À Murano, on reconnaît le verre avant même de le voir
Quand j’étais petite, ce qui me frappait le plus à Murano, ce n’étaient pas les vitrines. C’était le bruit des fours.
Mon oncle avait un ami verrier près de la Fondamenta dei Vetrai et, parfois, il nous emmenait lui rendre visite. Il suffisait d’ouvrir la porte de la fournaise pour sentir immédiatement la chaleur, entendre le métal posé sur l’établi, les outils, le verre qui tourne lentement pendant qu’il prend forme.
Murano a toujours eu une atmosphère différente du centre de Venise. Plus concrète, plus liée au travail. Le matin, les cafés se remplissaient tôt de verriers, les horaires des vaporetti ressemblaient presque à ceux d’une usine, et de nombreuses familles vivaient autour des fours depuis des générations.
Ma grand-mère disait toujours qu’elle reconnaissait les verriers à leurs mains. Usées, extrêmement rapides, précises même dans les gestes les plus simples. Quand j’étais enfant, cela me semblait étrange, puis en grandissant j’ai commencé à comprendre.
Ce que j’aime encore aujourd’hui, c’est la façon dont Murano change complètement le soir. Quand les groupes partent, il ne reste plus que les canaux silencieux, quelques habitants assis devant leur maison et les lumières qui se reflètent sur l’eau. C’est à ce moment-là que l’île recommence à ressembler au Murano de mon enfance.

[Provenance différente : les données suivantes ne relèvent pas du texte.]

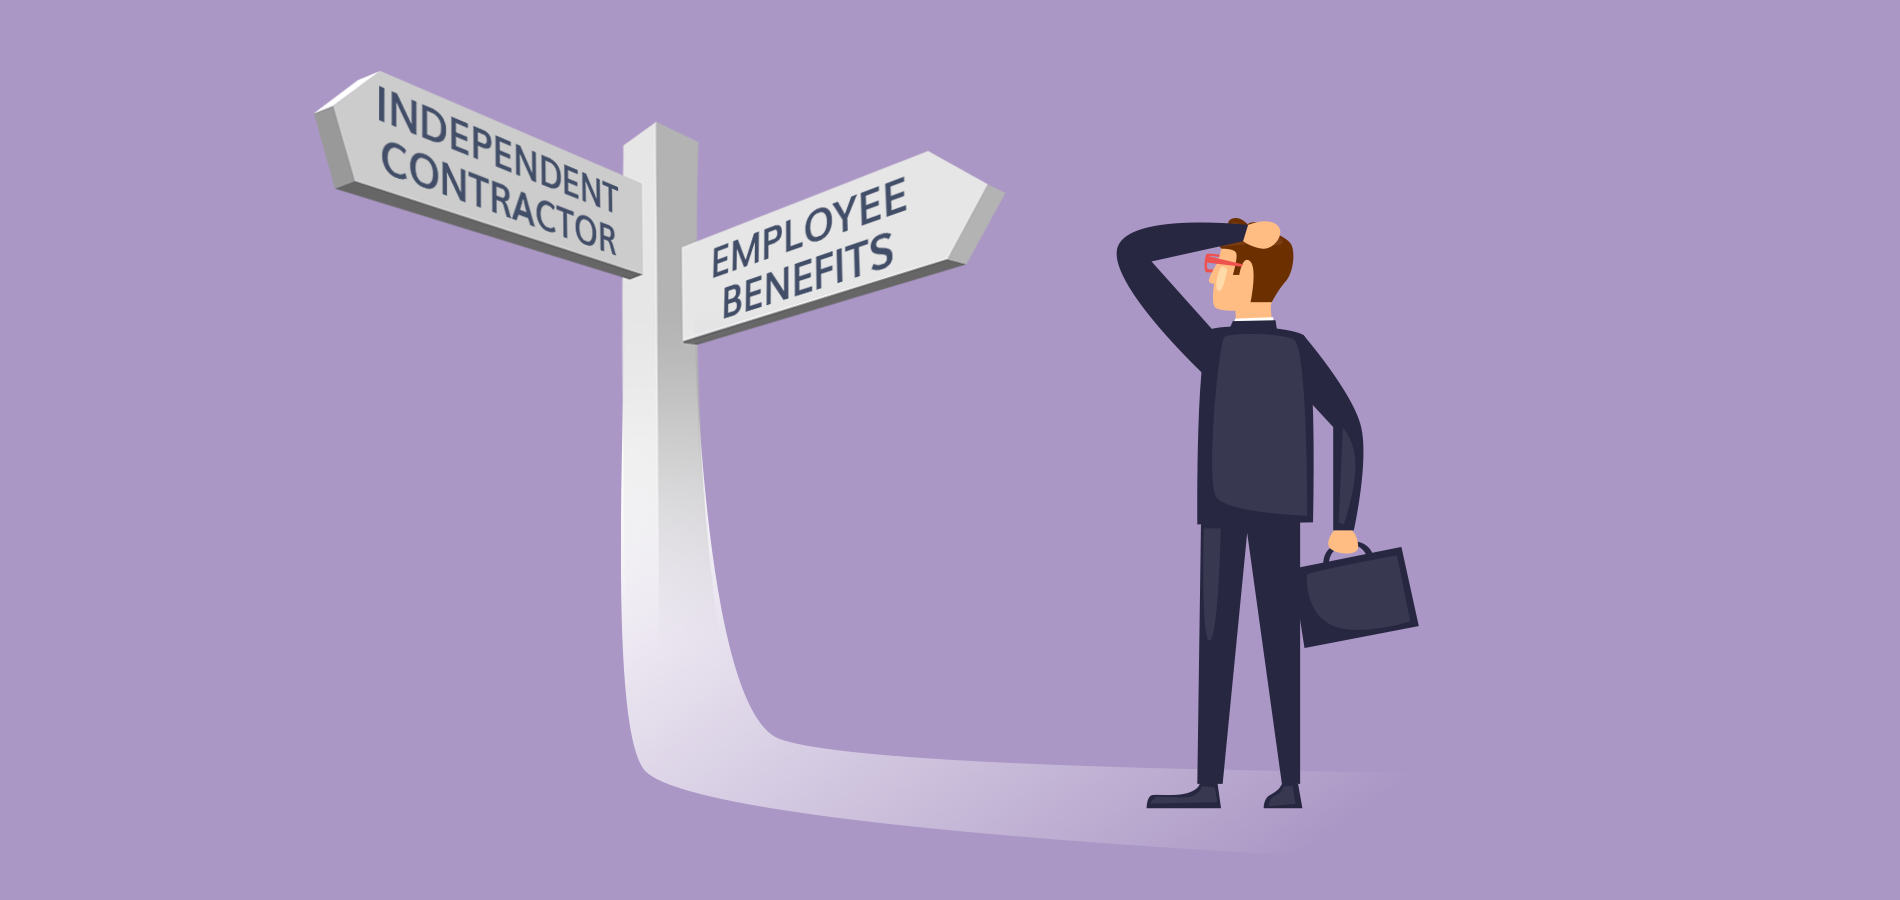 Employee benefits vs independent contractor

Si vous voulez vraiment découvrir Murano, quittez les rues principales et prenez le temps d’écouter l’île. C’est la meilleure façon de s’en souvenir : pas seulement pour les objets exposés dans les vitrines, mais pour cette atmosphère faite de feu, d’eau, de gestes experts et de petits bruits qui font encore partie du quotidien de l’île.